Gwest statement on Preference Share issue

The Board of Directors and Management of Gwest Corporation Ltd are deeply concerned about the articles published on the IC website dated September 6, 2018 and September 21, 2018, authored by John Jackson.
The first article dated September 6, 2018 speaks to Gwest Corporation’s first quarter report showing the issue of 250 million preference shares, and with quite remarkable language the writer concludes that the preferences shares in the capital of the Company have been allotted without authority.
We wish to confirm that at the Extraordinary General Meeting of the Company held on November 27, 2017, the following resolution was duly passed:
“As a special resolution that the Company be authorized to issue and/or allot Cumulative Non¬ redeemable Preference Shares with rights/restrictions as to Voting, Dividends and Winding up and/or otherwise as may be determined by the Directors of the Company or a Committee of the Directors appointed for such purpose, subject always to the Articles of Incorporation of the Company, and that the Directors of the Company or such Committee be and are hereby authorised to determine all such rights and restrictions and the Directors be and are hereby authorized to allot such Cumulative Non-redeemable Preference Shares at such subscription price per Preference Share as the Directors of the Company or such Committee may deem fit, the same to be allotted to shareholders of the Company who have invested in the capital of Company (in cash or in kind) with the understanding/pursuant to agreement(s) that such investment(s) will be recognized as shareholder loans or by the issue of preference shares, in each case on terms and conditions determined by the Directors of the Company, subject always to the Articles of Incorporation of the Company”.
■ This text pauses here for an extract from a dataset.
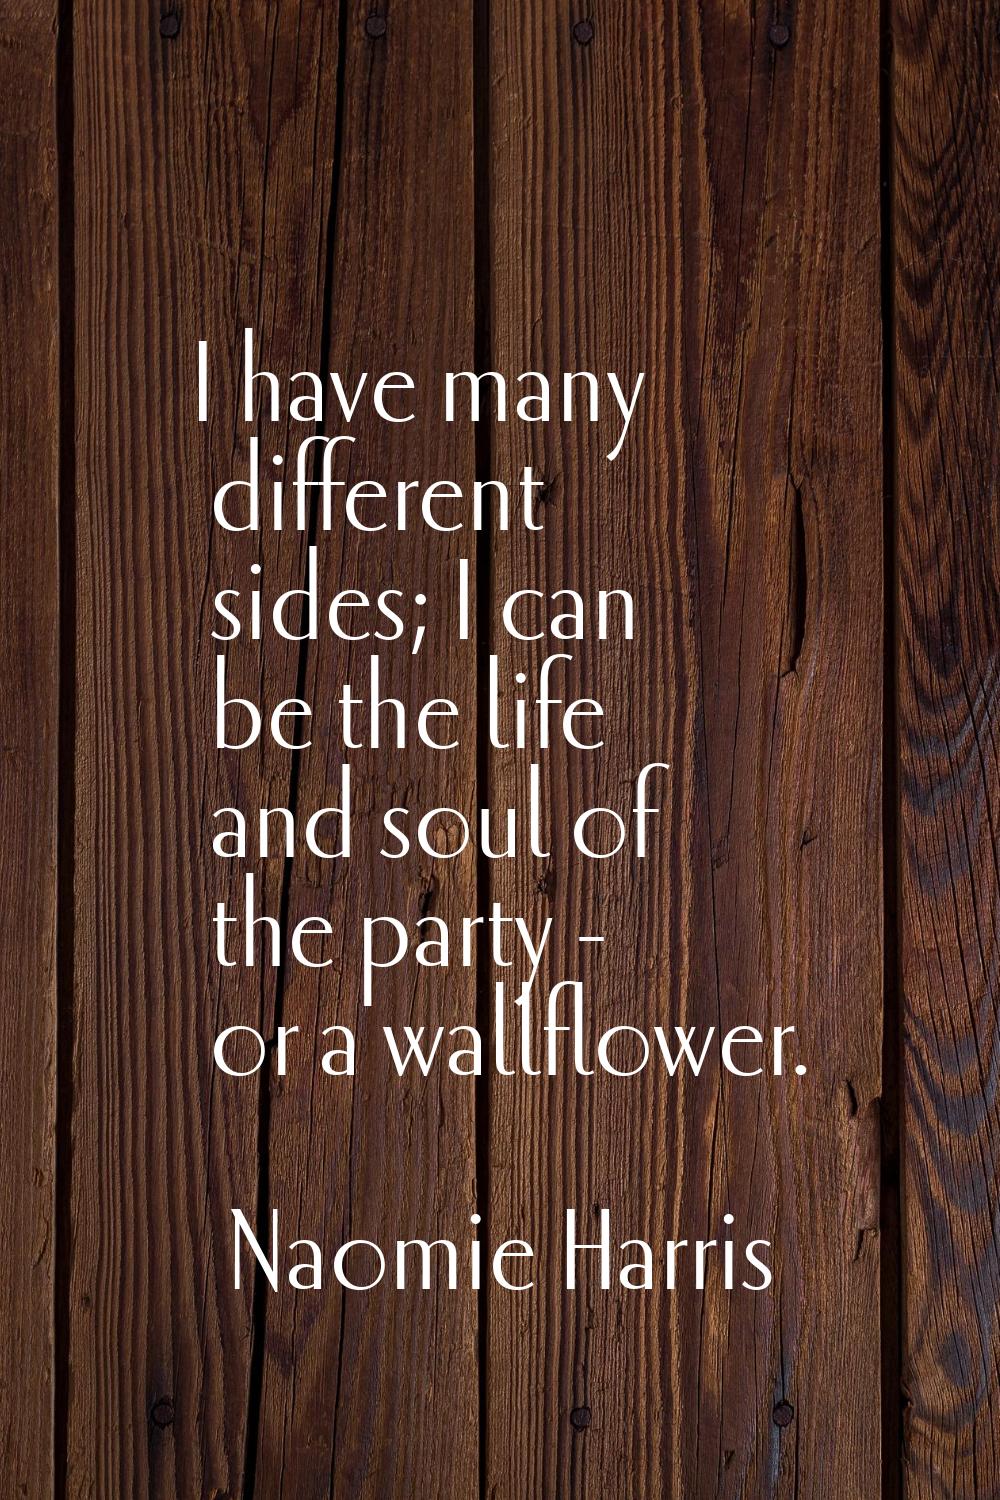 I have many different sides; I can be the life and soul of the party - or a wallflower.
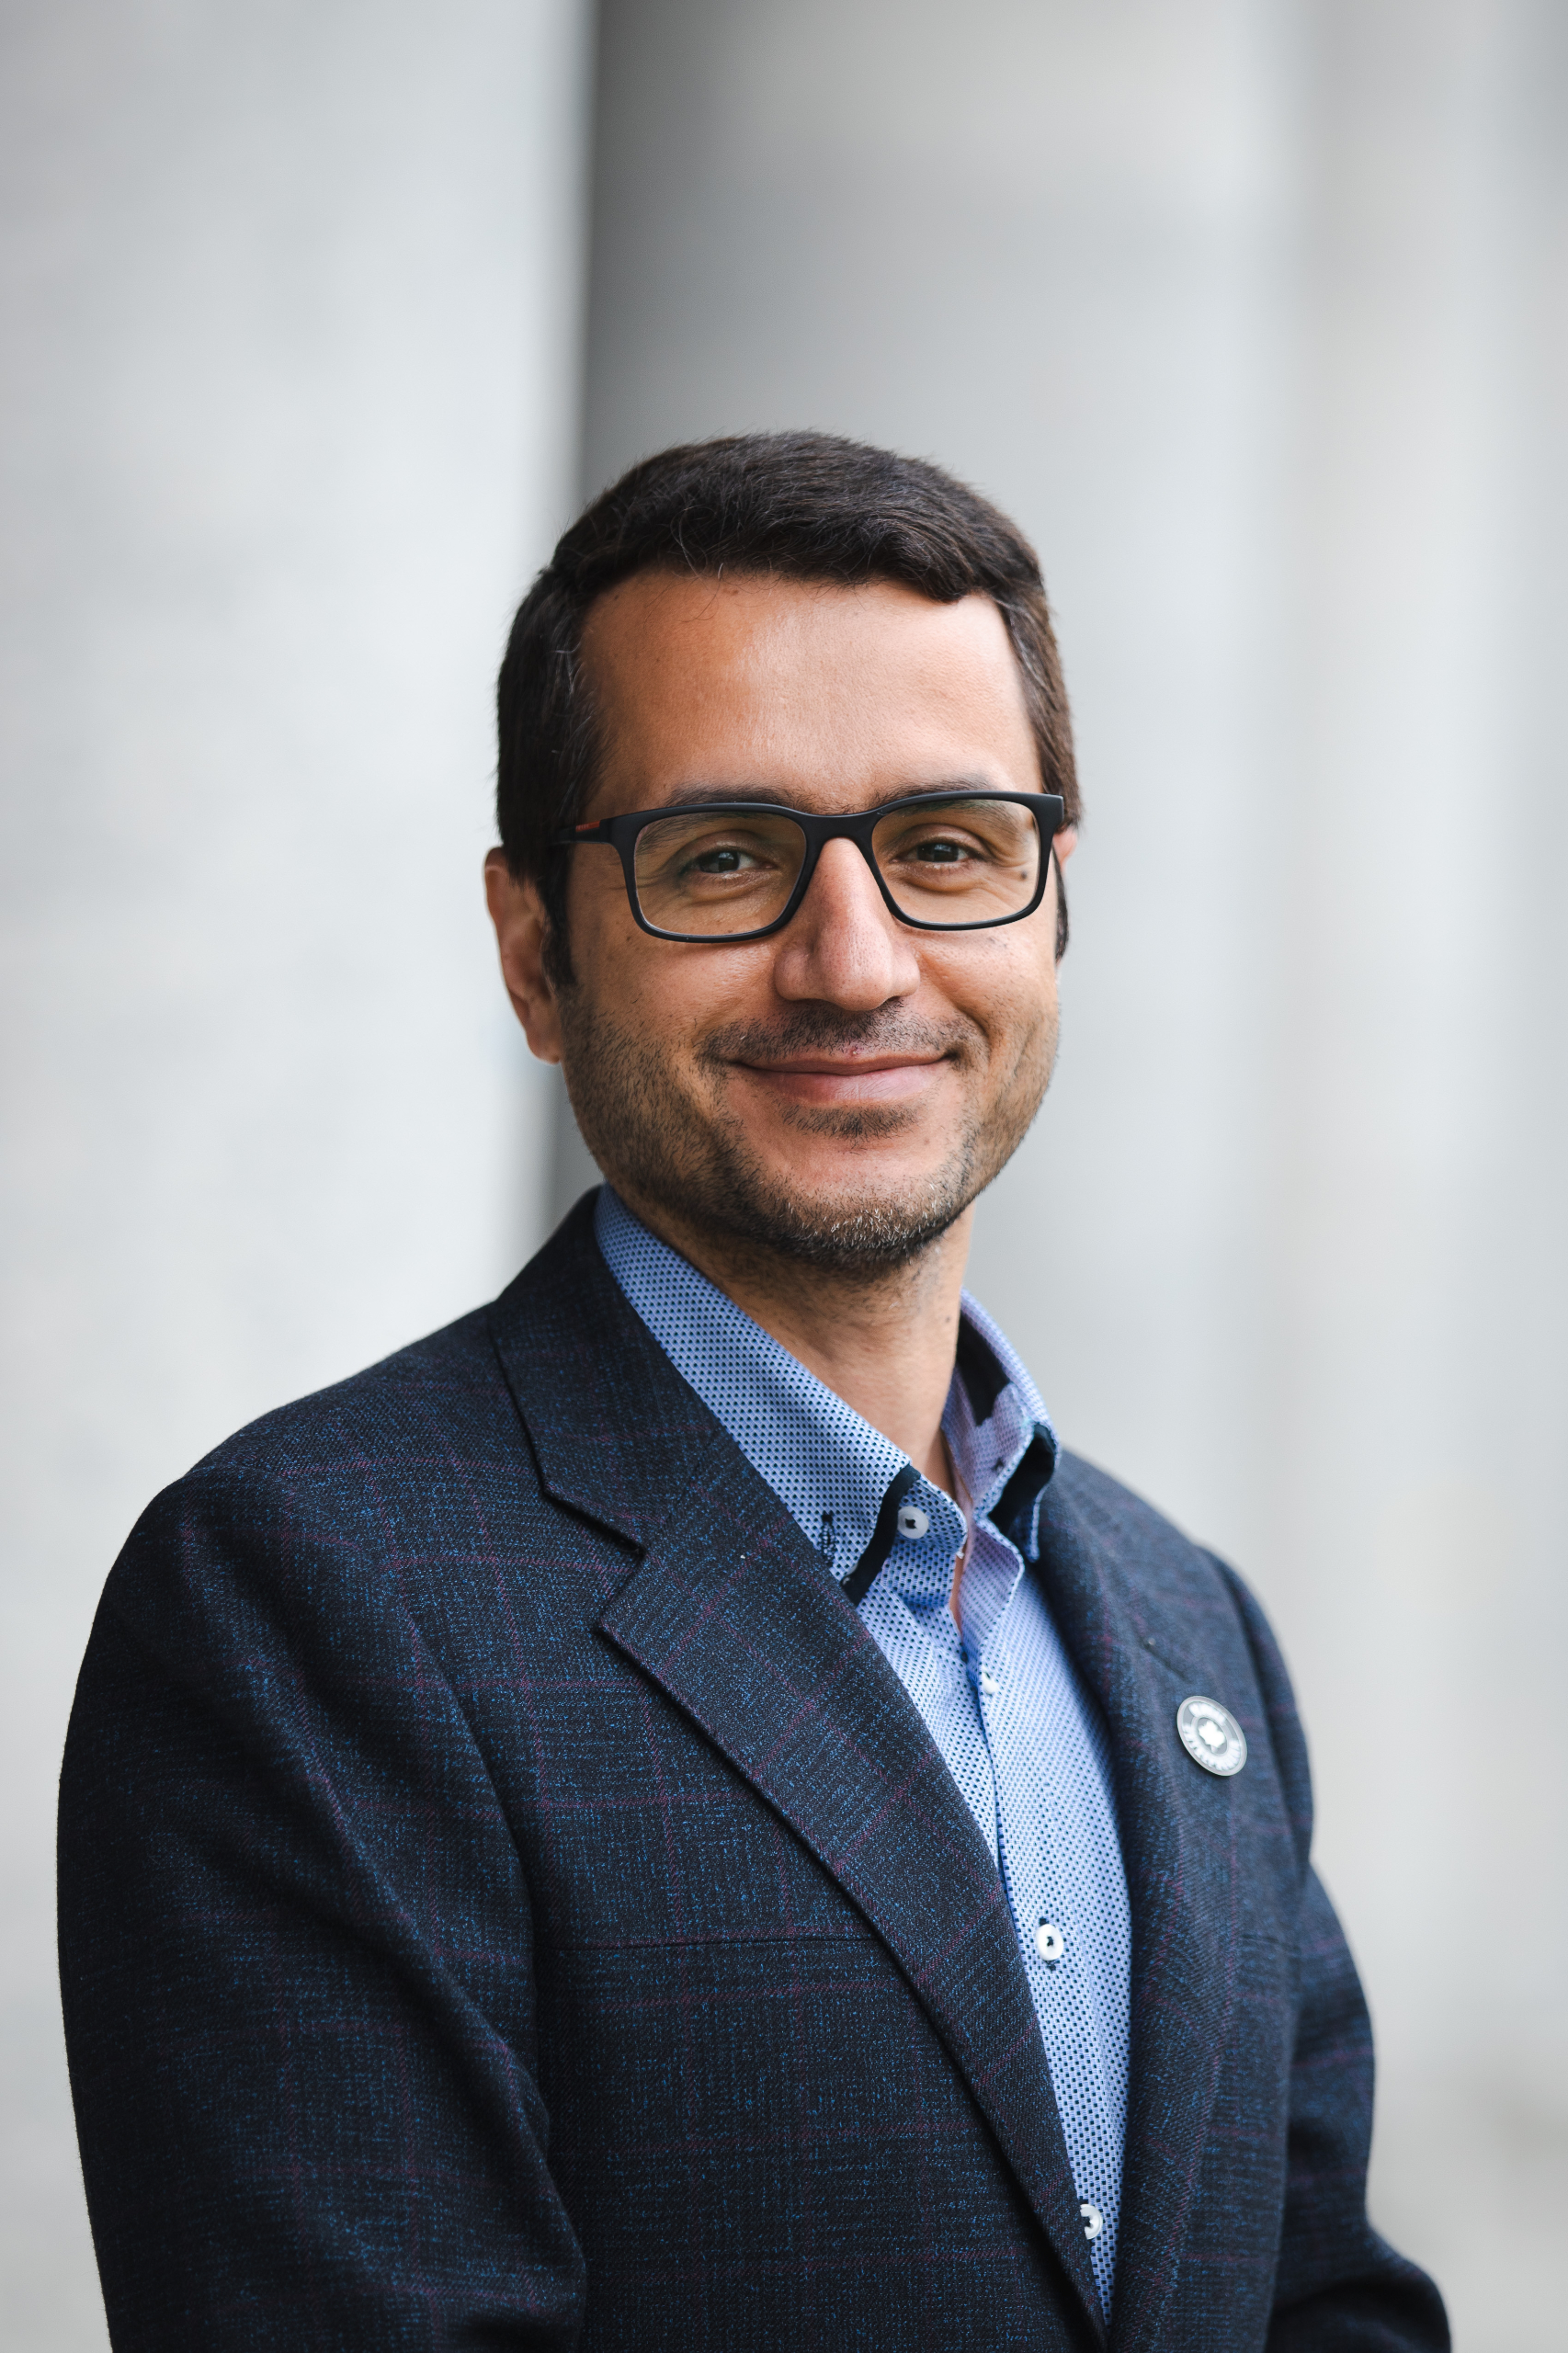 Dr. Mohammadreza Rezaee, PhD, currently serves as the national team lead for quantum technologies at Mitacs. He earned his Doctorate in Physics from the University of Tennessee, Knoxville, in 2015 and subsequently held postdoctoral positions at Texas A&M University and the University of Ottawa.  During his time at the University of Ottawa, Dr. Rezaee played a pivotal role in the establishment of the Joint Centre for Extreme Photonics (JCEP) lab, a collaborative quantum-focused initiative in partnership with the NRC. His academic pursuits have revolved around pioneering research areas such as quantum light sources, the application of vacancy centers in diamond for quantum sensing, and quantum simulation.  Beyond his academic endeavors, Dr. Rezaee is a visionary entrepreneur, having founded three quantum hardware startups in both Canada and the USA. He is an alum of the Creative Destruction Lab-QML program at the Rotman School of Business, University of Toronto (2018), and was selected for participation in the Y Combinator's W19 cohort in California, USA.  Driven by an unwavering passion for advancing quantum technologies, Dr. Rezaee continues to be at the forefront of bridging the gap between cutting-edge scientific innovation and transformative commercial ventures in his current role as Mitacs' Senior Advisor and Quantum Lead.

The above resolution was passed specifically to facilitate non-redeemable preference shares being allotted to persons who had invested in the Company by way of shareholders loan made available to the Company.
Sections 18 and 19 in the November 2017 GWEST Prospectus specifically disclosed that shareholders loans were to be converted to preference shares, thereby reducing the servicing cost to the Company:
Shares in the capital of the Company are under the control of the Directors, as expressly provided for in the Articles of Incorporation.
In all the circumstances the allegations by the writer of the articles under review are unfounded and without merit.
It is unfortunate that the writer of the articles did not undertake greater due diligence towards determining correct factual positions, before publishing false and misleading material that could be injurious to the Company, this at a time when the Company has embarked on programs to stabilize its operations and to achieve its objectives in the short term.